By: Adeeta Aulakh, Project Manager, Burlington Ontario Health Team; Andrea Evershed, Director of Community Services, Thrive Group; Dr. Reham Abdelhalim, Manager, Population Health and Evaluation, Burlington Ontario Health Team

​Expanding and improving access to community support services for seniors improves preventative care, reduces reliance on institutional care, and honors seniors’ wishes to age in their home. Innovative models are required to address the current challenges in providing comprehensive community care, including the health human resource shortages, historically siloed services, and complex needs, including social determinants of health, of seniors. The Community Wellness Hub Model developed in Burlington, Ontario is an innovation in senior’s integrated care that brings health, housing, and social service providers to work together as one team and enables preventative and maintenance care for vulnerable seniors in the community. By being strategically embedded within senior housing complexes, the model reduces barriers to access, recognizes the value of housing partners in addressing social determinants of health, and enables a relationship between housing and community support services that benefits seniors.

How does it work? 

The goal is to empower our seniors to lead fulfilling lives within their community by pro​actively addressing their health and wellness needs, thereby mitigating the need for acute care interventions. Each Hub location is spearheaded by a lead organization that employs a dedicated Hub Connector. The Hub Connector takes up an office in the building to seamlessly integrate a spectrum of community services within the Hub’s ecosystem.

Successes

The best indicators of success come from the stories of Hub Members (clients of the Hub) and Providers directly; you can hear from them in the video below.

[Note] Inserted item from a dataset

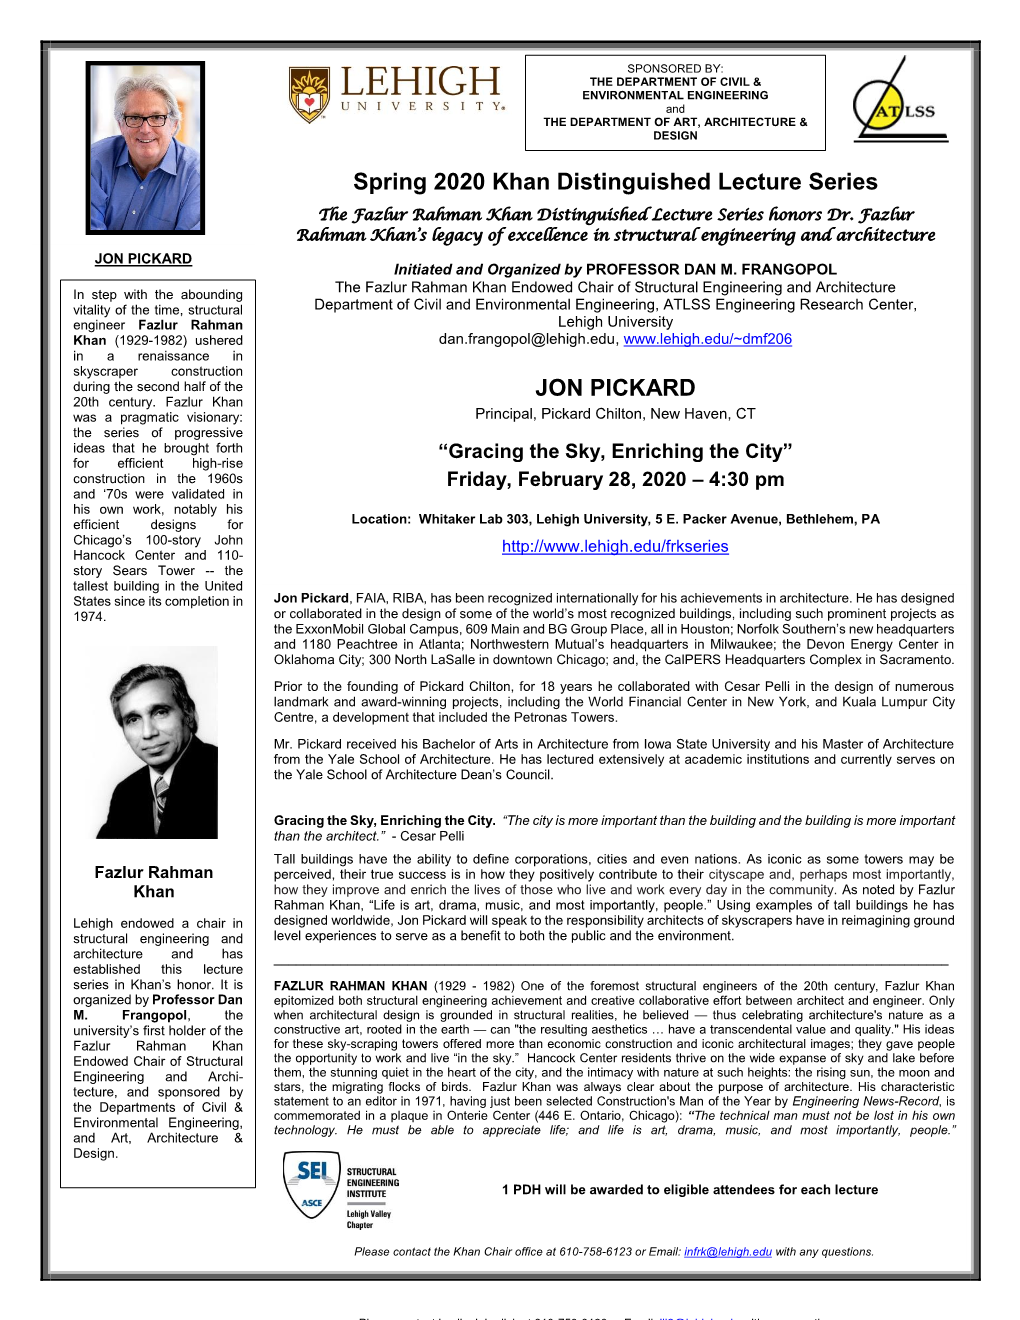 Spring 2020 Khan Distinguished Lecture Series JON PICKARD

The latest Hub evaluation data speaks to this model’s potential for impact at the health systems level. Hub members have lower, less urgent emergency department visits; lower hospitalization rate for Ambulatory Care Sensitive Conditions (ACSC), which captures chronic conditions such as asthma, diabetes, and heart failure; and shorter length of stay than their comparable segment of the population. If we were to think about the Community Wellness Hub from a system perspective and assumed it was serving 100, 000 seniors in Ontario, this difference in hospitalization rate and length of stay would save the system $89,720,019 per year based on 2022/2023 calculations of ACSC hospitalization costs.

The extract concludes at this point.